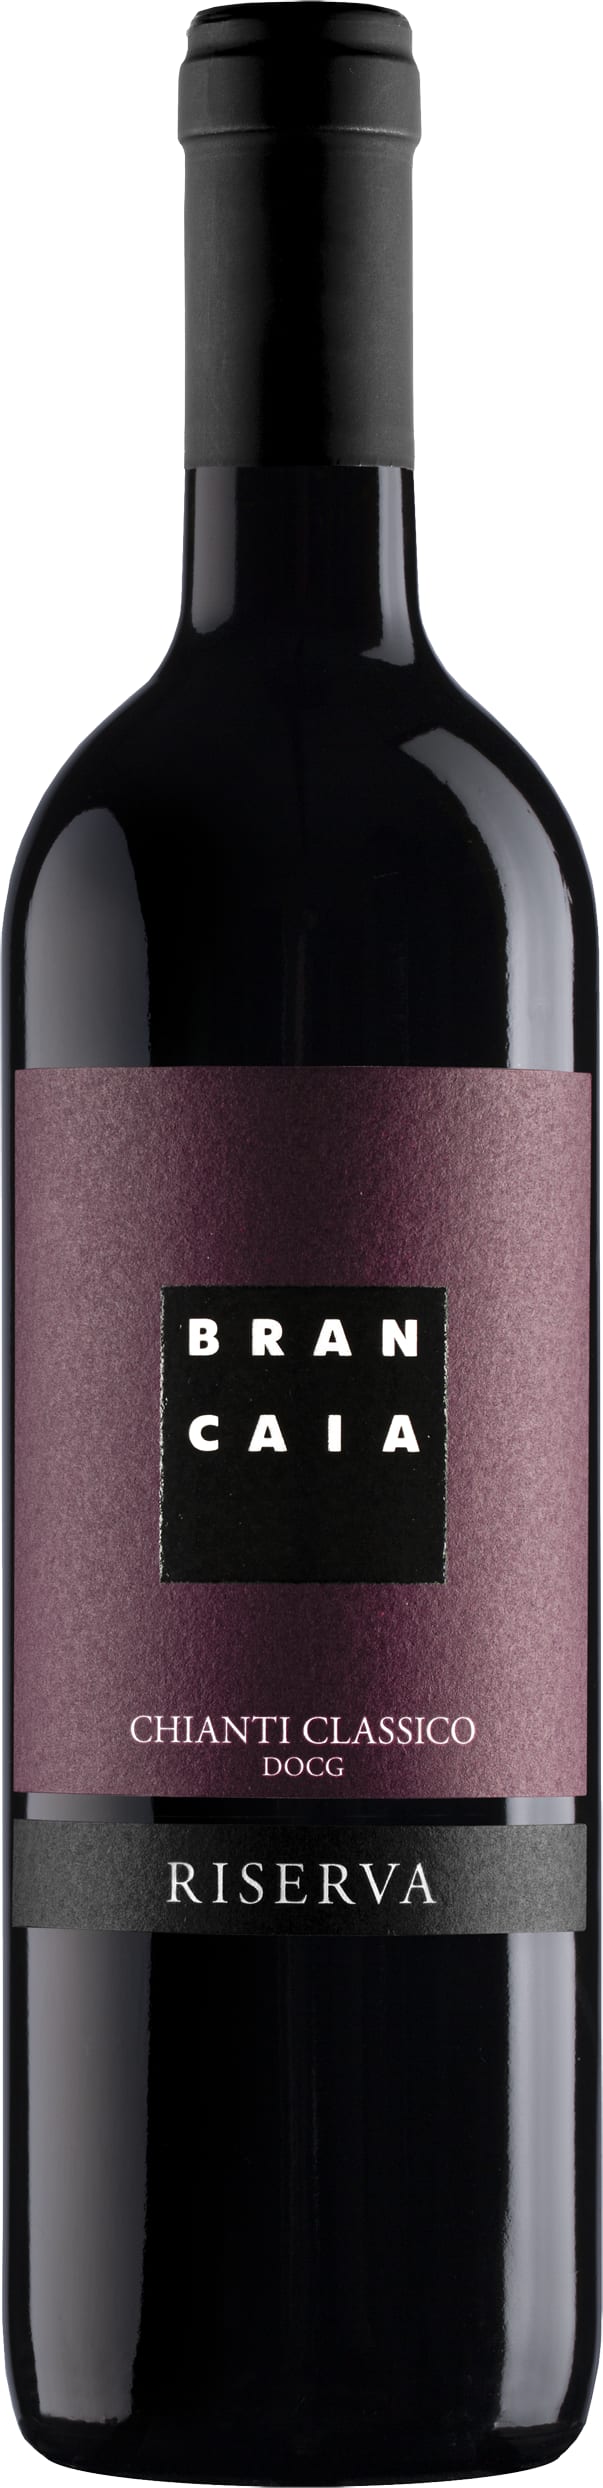 Casa Brancaia Chianti Classico Riserva 2020 75cl - Buy Casa Brancaia Wines from GREAT WINES DIRECT wine shop
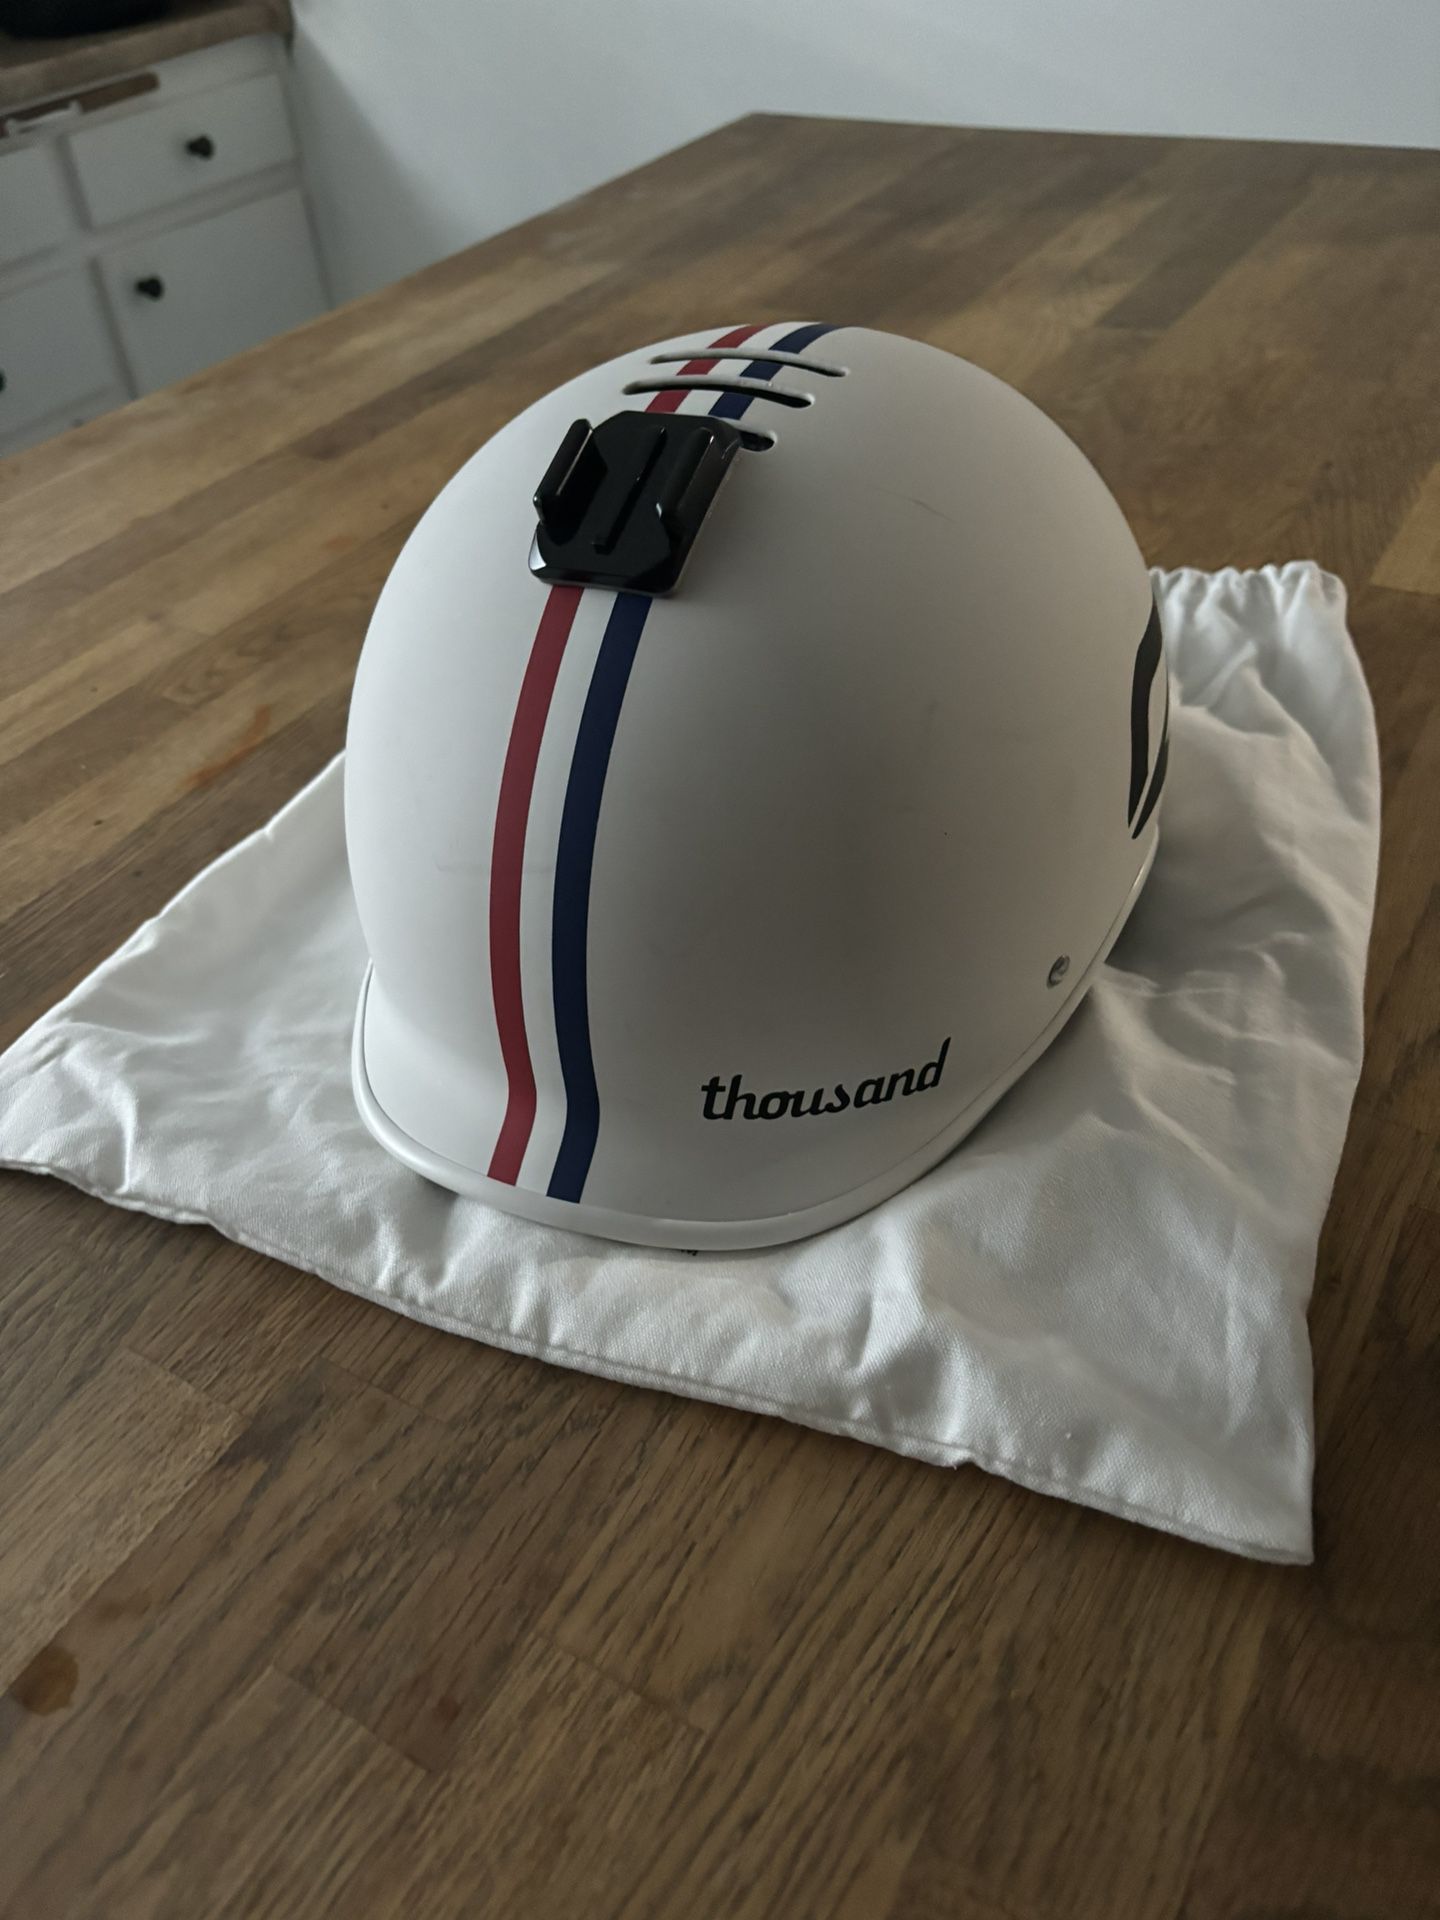 Thousand Helmet
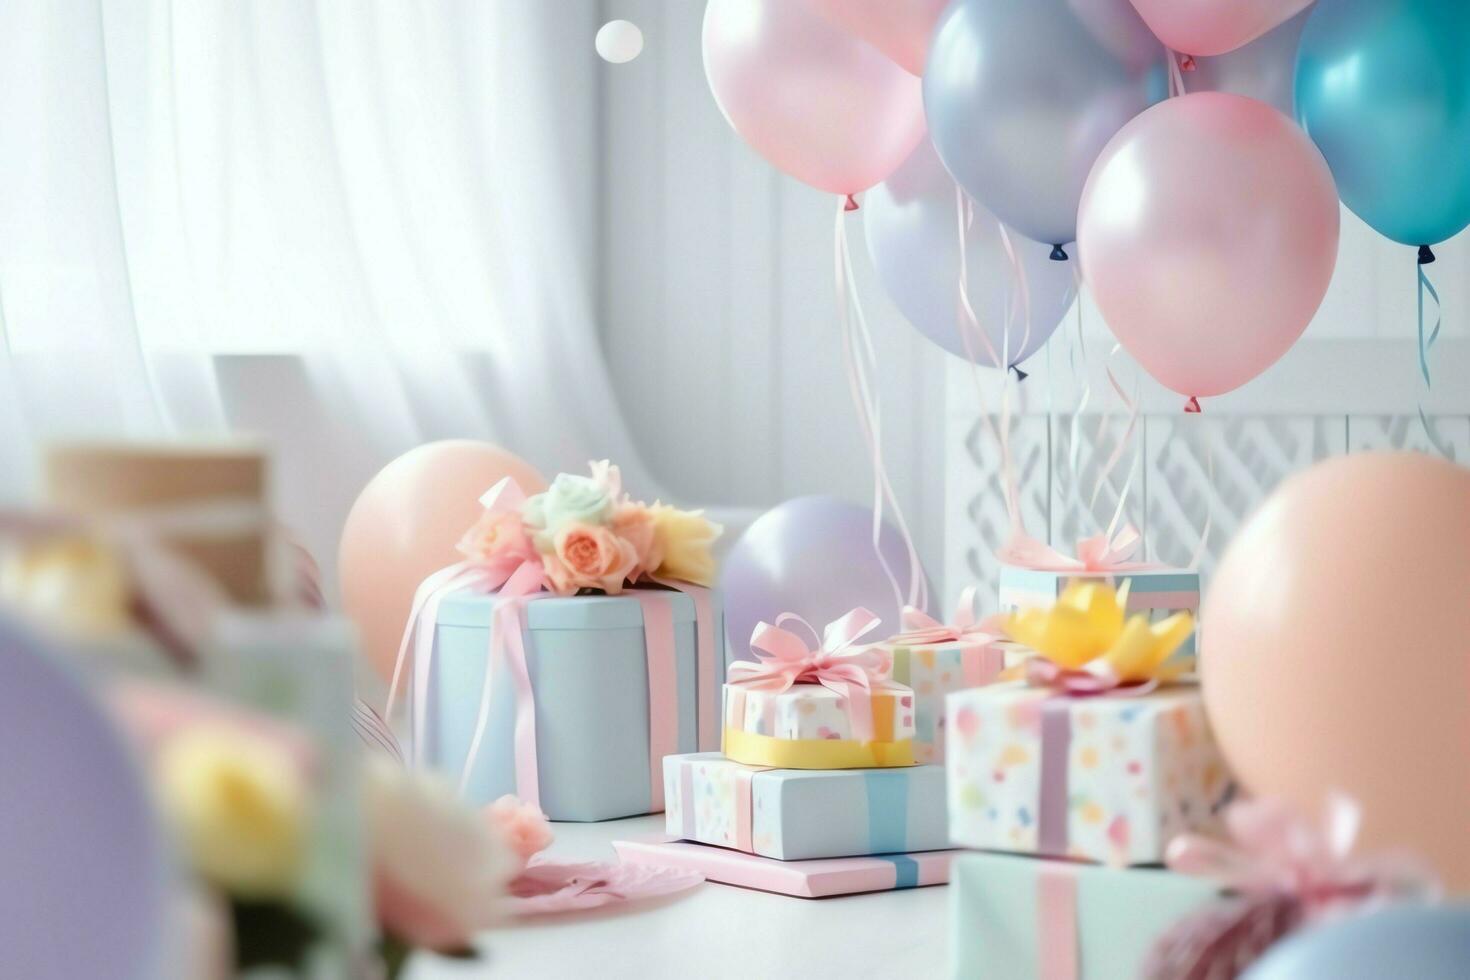 festivo aniversário festa decorações em mesa com bolo, presente caixas e balões em pastel cor conceito de ai gerado foto
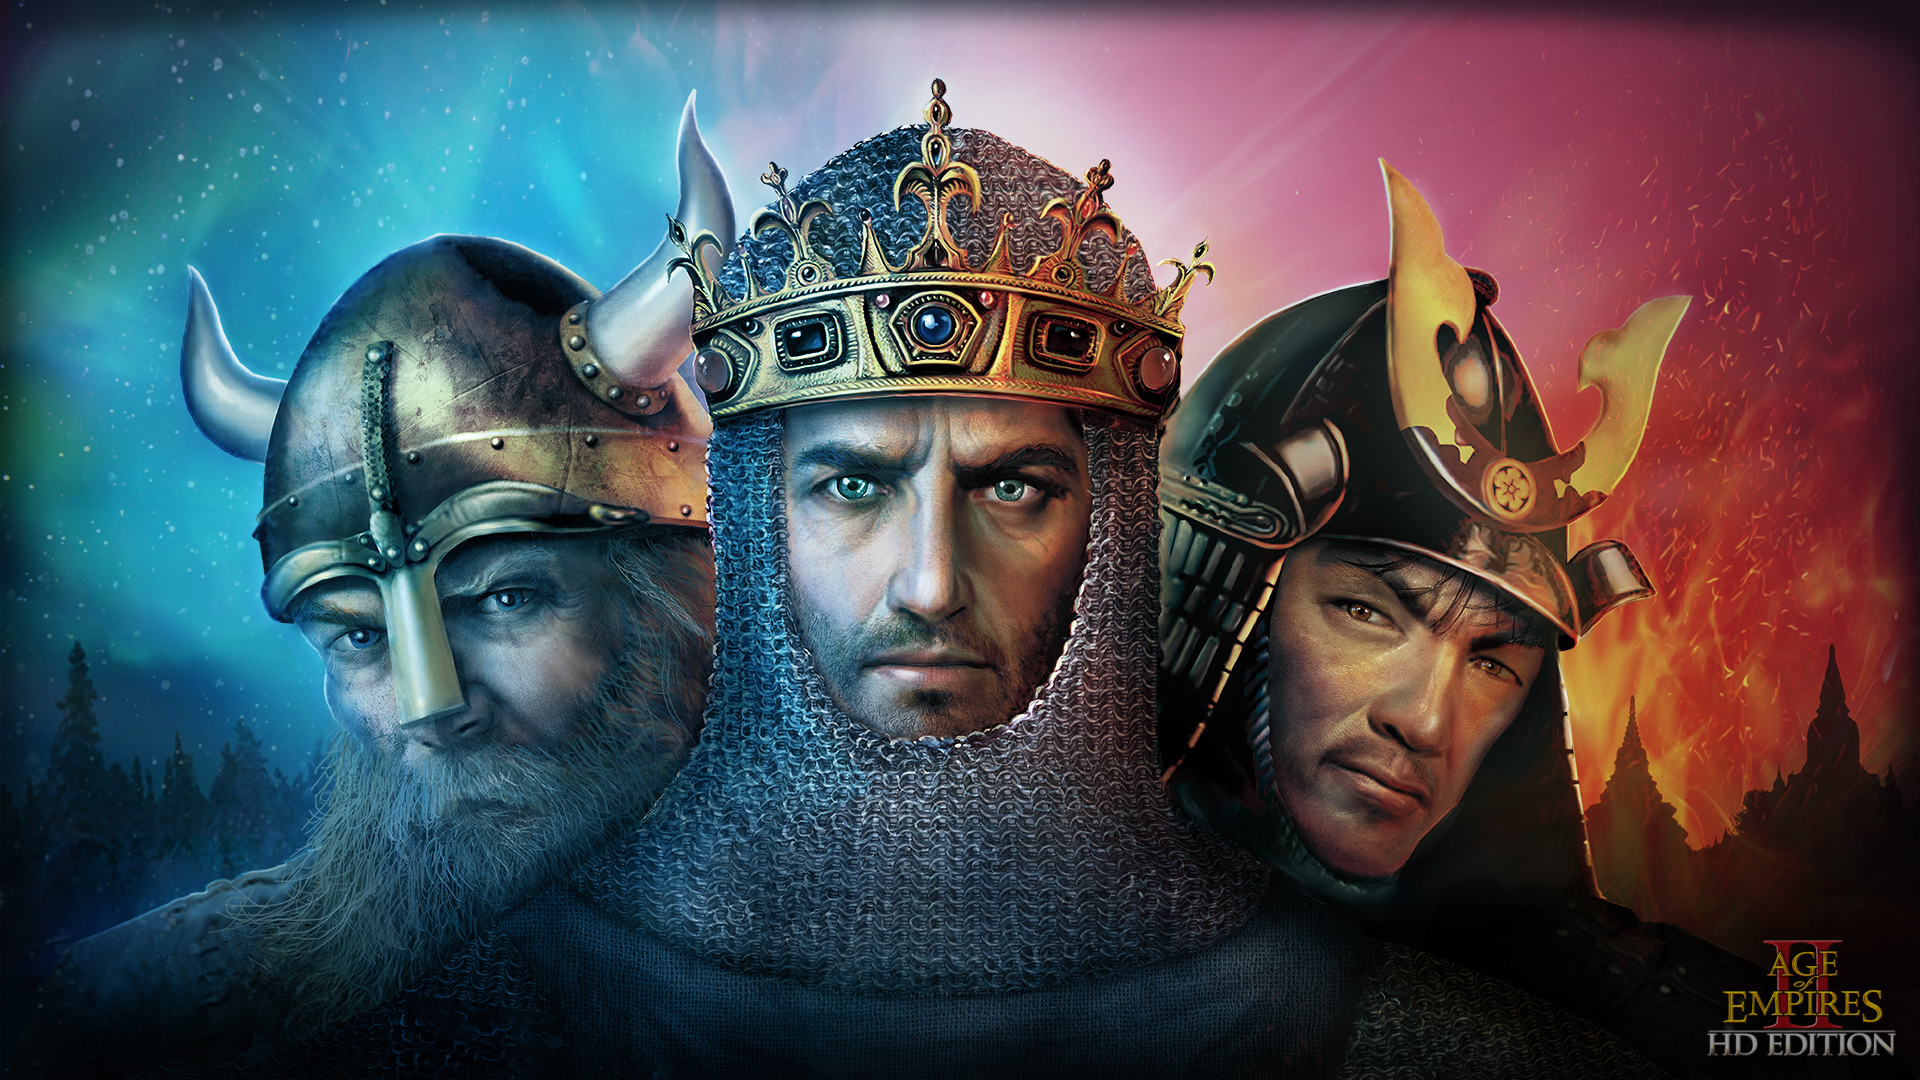 Age of Mythology 05 of Empires

* * * * *

◆ WORK TO BE COMPLETED: The pictures should not be reproduced; quote all of the other material exactly.

◆ OUTPUT:
 Casa Brancaia Chianti Classico Riserva 2020 75cl - Buy Casa Brancaia Wines from GREAT WINES DIRECT wine shop
 Thousand Helmet
 festivo aniversário festa decorações em mesa com bolo, presente caixas e balões em pastel cor conceito de ai gerado foto
 Age of Mythology 05 of Empires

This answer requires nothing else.